Furthermore, we investigated and discovered low levels of consistency, comprehensiveness and compatibility among three popular pathway databases (KEGG, Ingenuity and Wikipathways).

Our strategy of addressing this issue was to create an API (freely available) which gives researchers access to various pathway databases of their choice as well as to an integrated database. This integrated database resolves various incompatibility issues between databases such as:

  1. 1.

    Incompatible methods of data access

  2. 2.

    Incompatible data formats

  3. 3.

    Incompatible molecular representations

  4. 4.

    Incompatible pathway names

However we understand the limitations faced by such systems. For instance, in the event that two databases provide conflicting definitions of the same pathway, both pieces of conflicting definitions will be included within the pathway information itself. The integrated database is also more comprehensive because it is the union of the data sources. Every gene/edge in any of the three data sources is also in the integrated database.
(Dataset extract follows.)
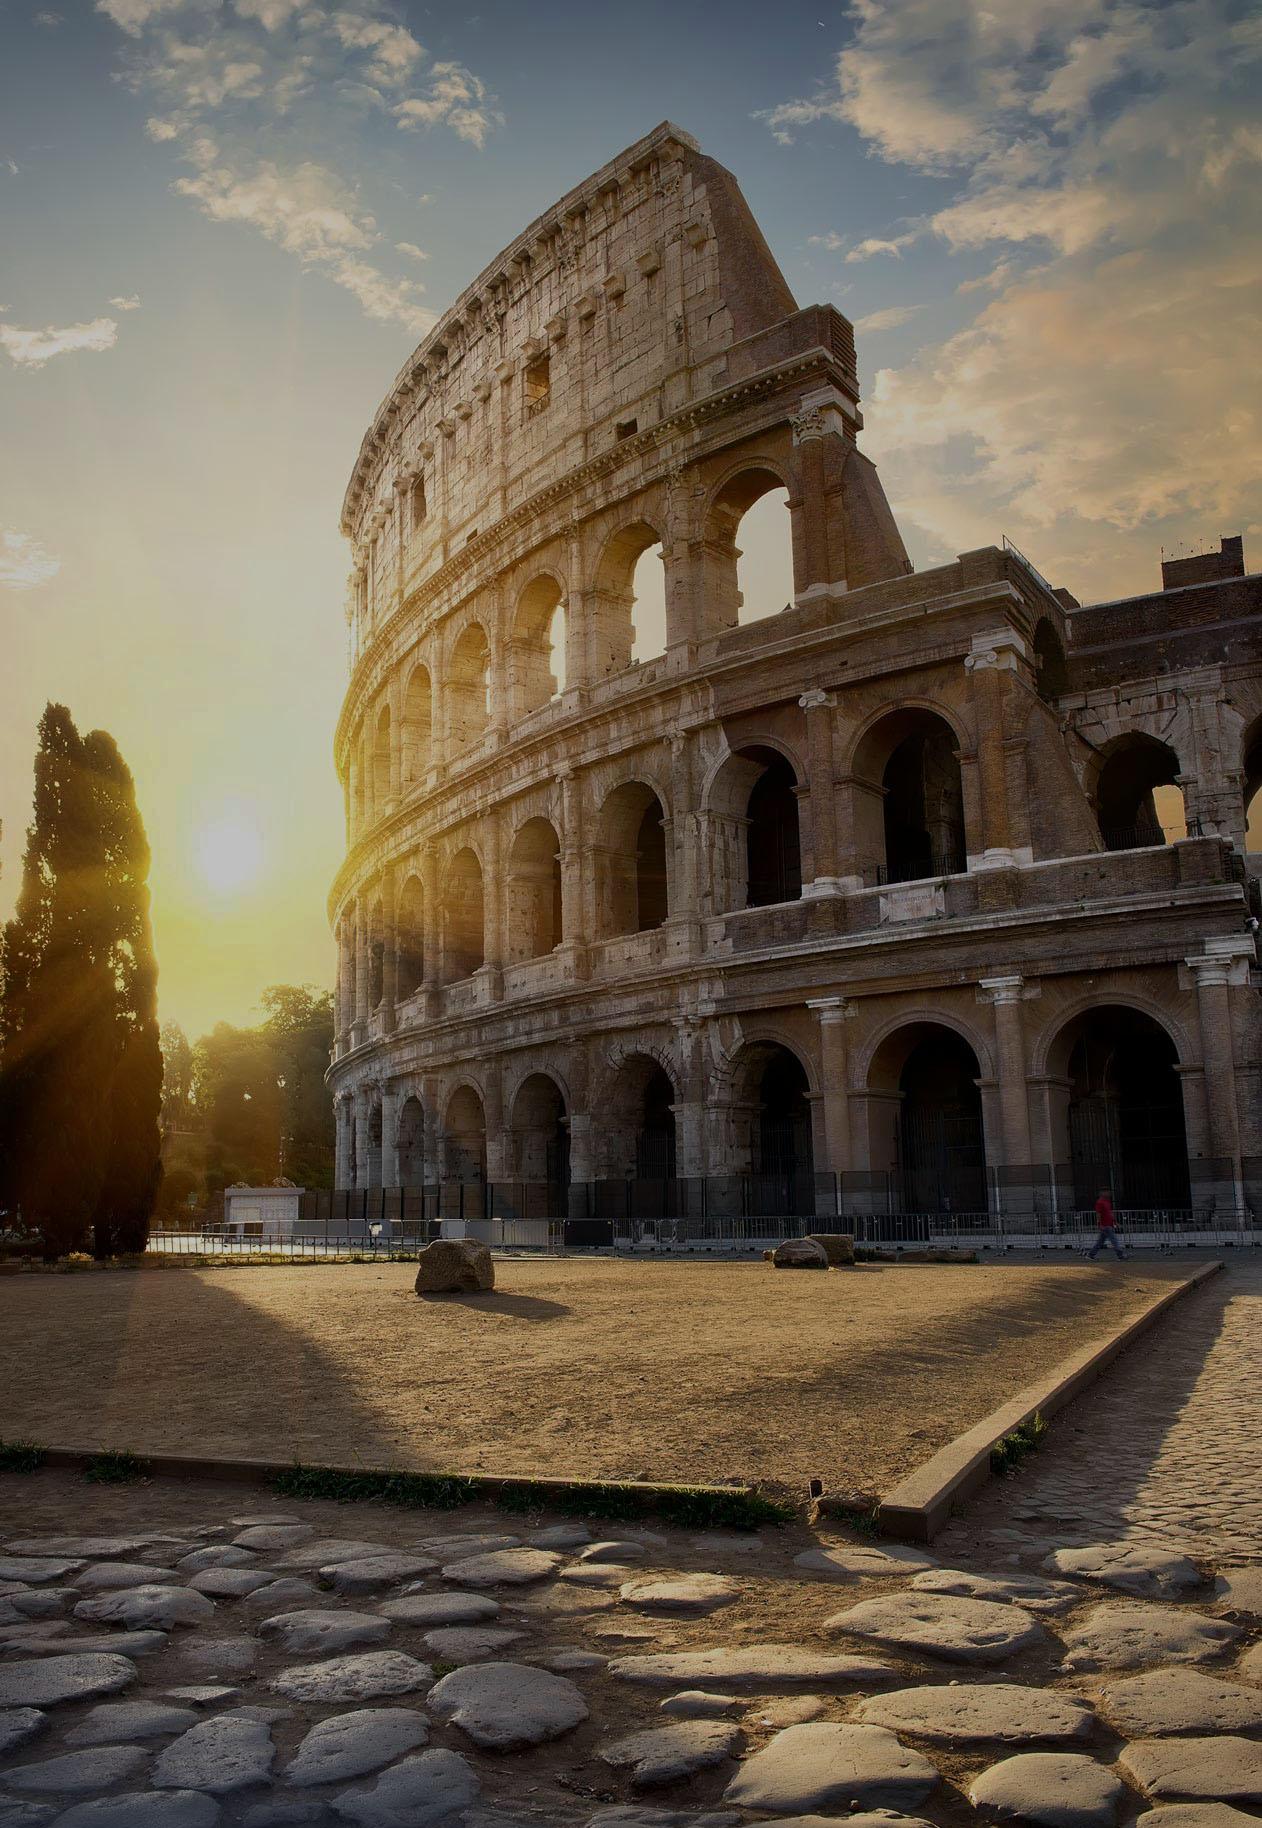 bespoke tours italy

Furthermore, the integrated database is equipped with a API to allow the user to conveniently identify inconsistencies and to resolve them in accordance to his specific application needs. To ensure fast responsiveness, API connections are made towards a central unified database which keeps a cached copy of the records of the other databases. To make certain that the cached entries are always kept up to date, entries from the cache are flushed periodically and automatically updated again for the reference databases wikipathways and KEGG. As data from Ingenuity is obtained in a manual fashion, updates from Ingenuity can only be achieved laboriously by curators importing new data physically from Ingenuity. Note that data from Ingenuity will not be released.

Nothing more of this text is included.